Saat ini, sangat banyak ulama yang justru menjadi bagian dari penguasa dan menjadi pengusung kebijakan politik dalam berbagai aspeknya yang justru bertentangan dengan syariat Islam bahkan menjadi musuh Islam itu sendiri. Mereka menciptakan berbagai konsep dan istilah yang semakin menjauhkan dari aqidah Tauhid dan syariat Islam.

“Ulama adalah kepercayaan Rasul selama mereka tidak bergaul dengan penguasa dan tidak asyik dengan dunia. Jika mereka bergaul dengan penguasa dan asyik terhadap dunia, maka mereka telah mengkhianati para Rasul, karena itu jauhilah mereka” (HR Al Hakim).

Dari Abu Dzar berkata, “Dahulu saya pernah berjalan bersama Rasulullah ﷺ, lalu beliau bersabda, “Sungguh bukan dajjal yang aku takutkan atas umatku”. Beliau mengatakan tiga kali, maka saya bertanya,” Wahai Rasulullah, apakah selain dajjal yang paling Engkau takutkan atas umatmu ?”. Beliau menjawab, para tokoh yang menyesatkan”. [Musnad Ahmad (35/222)

Antara Ulama Su’u dan Ulama Rabbani

Dalam al-Quran, dikisahkan tentang ulama su’u tersebut dalam Surah al A’raf (175-177) . Berikut adalah ciri-ciri orang yang berilmu tapi buruk tersebut (1) Dia menyuruh orang lain untuk melakukan kebaikan, tapi dia melupakan dirinya. (2) Perbuatannya menyelisihi perkataannya.(3) Mereka hanya ingin meraih kesenangan dunia yang fana serta ridha manusia. (4) Mereka itu yang mengajak ke pintu-pintu neraka. (5) Sifat Kelima; Ulama’ yang menanggalkan keilmuannya itu menjadi pengekor hawa nafsu.

Sebaliknya, ada kelompok Ulama Rabbānī (Ulama Akhirat).Dalam al-Qur`an, kata ‘ulamā’ yang merupakan bentuk plural dari kata ‘ālim’ disebutkan sebanyak dua kali.
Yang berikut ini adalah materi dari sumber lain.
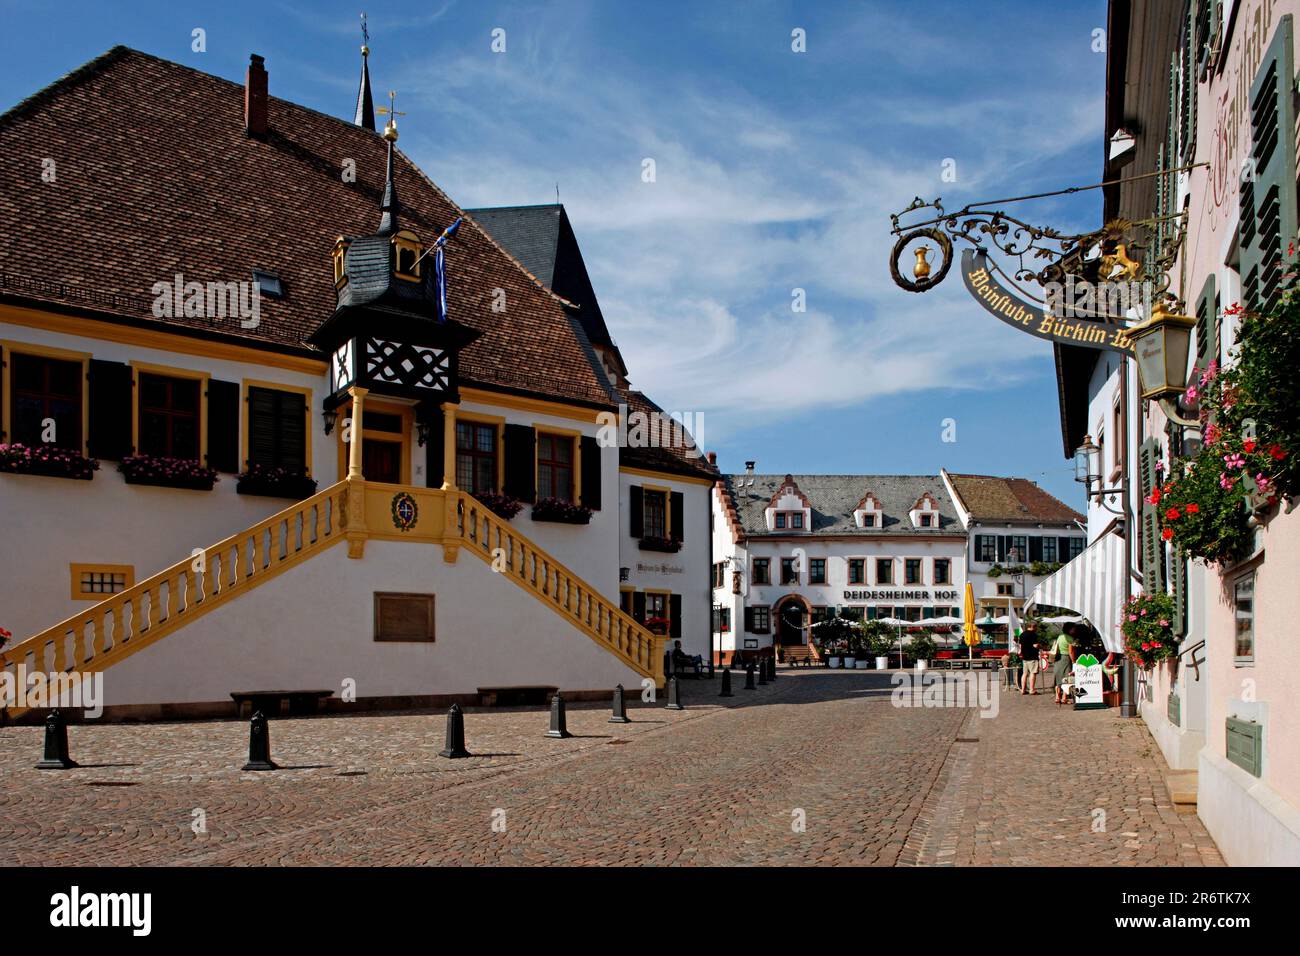 Town Hall, Deidesheim an der Weinstrasse, Rhineland-Palatinate, Hotel Deidesheimer Hof, Germany Stock Photo

Ulama pertama terdapat dalam surah Fathir [35] ayat 28; sedangkan yang berikutnya terdapat dalam Surah asy-Syu’ara [26] ayat 197.

“Sesungguhnya yang takut kepada Allah di antara hamba-hamba-Nya hanyalah para ulama. Sungguh, Allah Mahaperkasa lagi Maha Pengampun.” (QS. Fāṭir [35]: 28)

Dalam ayat ini, yang dimaksud dengan ulama adalah mereka yang memiliki ilmu sehingga mengantarkan kepada khasyah (rasa takut yang disertai pengagungan) kepada Allah. Rasa takut ini berbeda dengan khauf, yang lebih menunjukkan ketakutan karena kelemahan diri.

Imam al-Ghazālī dalam Iḥyā’ ‘Ulūm al-Dīn (I/77) menyebut ulama jenis ini sebagai ‘Ulamā al-Ākhirah (ulama akhirat), yang ciri-cirinya antara lain: memiliki khasyah, bersikap khusyuk, rendah hati (tawadhu`), berakhlak mulia, dan lebih mengutamakan akhirat daripada dunia (zuhud).

Adapun Ulama Su’u, dalam istilah Imam al Ghazali dalam kitabnya al Ihya Ulumudin dan Kitab Bidayatul Hidayah; atau yang lebih mutakhir, Sayyid Bakri bin Muhammad Syatha Ad-Dimyathi dalam Kifayatul Atqiya ada ulama su’u dan ulama al haq.

“Mereka adalah ulama agama untuk membedakan antara mereka dan ulama dunia; mereka adalah ulama jahat yang dengan ilmunya bertujuan untuk kesenangan dunia, mendapatkan pangkat dan kedudukan pada penduduk,” (Lihat Sayyid Bakri bin Muhammad Syatha Ad-Dimyathi, Kifayatul Atqiya wa Minhajul Ashfiya, [Indonesia: Al-Haramain Jaya, tanpa tahun], halaman 70).

Mereka adalah orang (yang dengan) meraih (ilmunya bertujuan untuk kesenangan dunia,) hidup senang dengan perhiasan dunia, yaitu menghias rumah dengan permadani mewah, menggantungkan gorden padanya, menghiasi diri dengan pakaian luks, dan memperindah rumah dengan kasur yang elok, (mendapatkan) dengan ilmunya (pangkat dan kedudukan) yang tinggi (pada penduduk) dunia,” (Lihat Sayyid Muhammad Al-Husaini Az-Zabidi, Ithafus Sadatil Muttaqin bi Syarhi Ihya’i Ulumiddin, [Beirut: Muassasatut Tarikh Al-Arabi, 1994 M/1414 H], juz I, halaman 348).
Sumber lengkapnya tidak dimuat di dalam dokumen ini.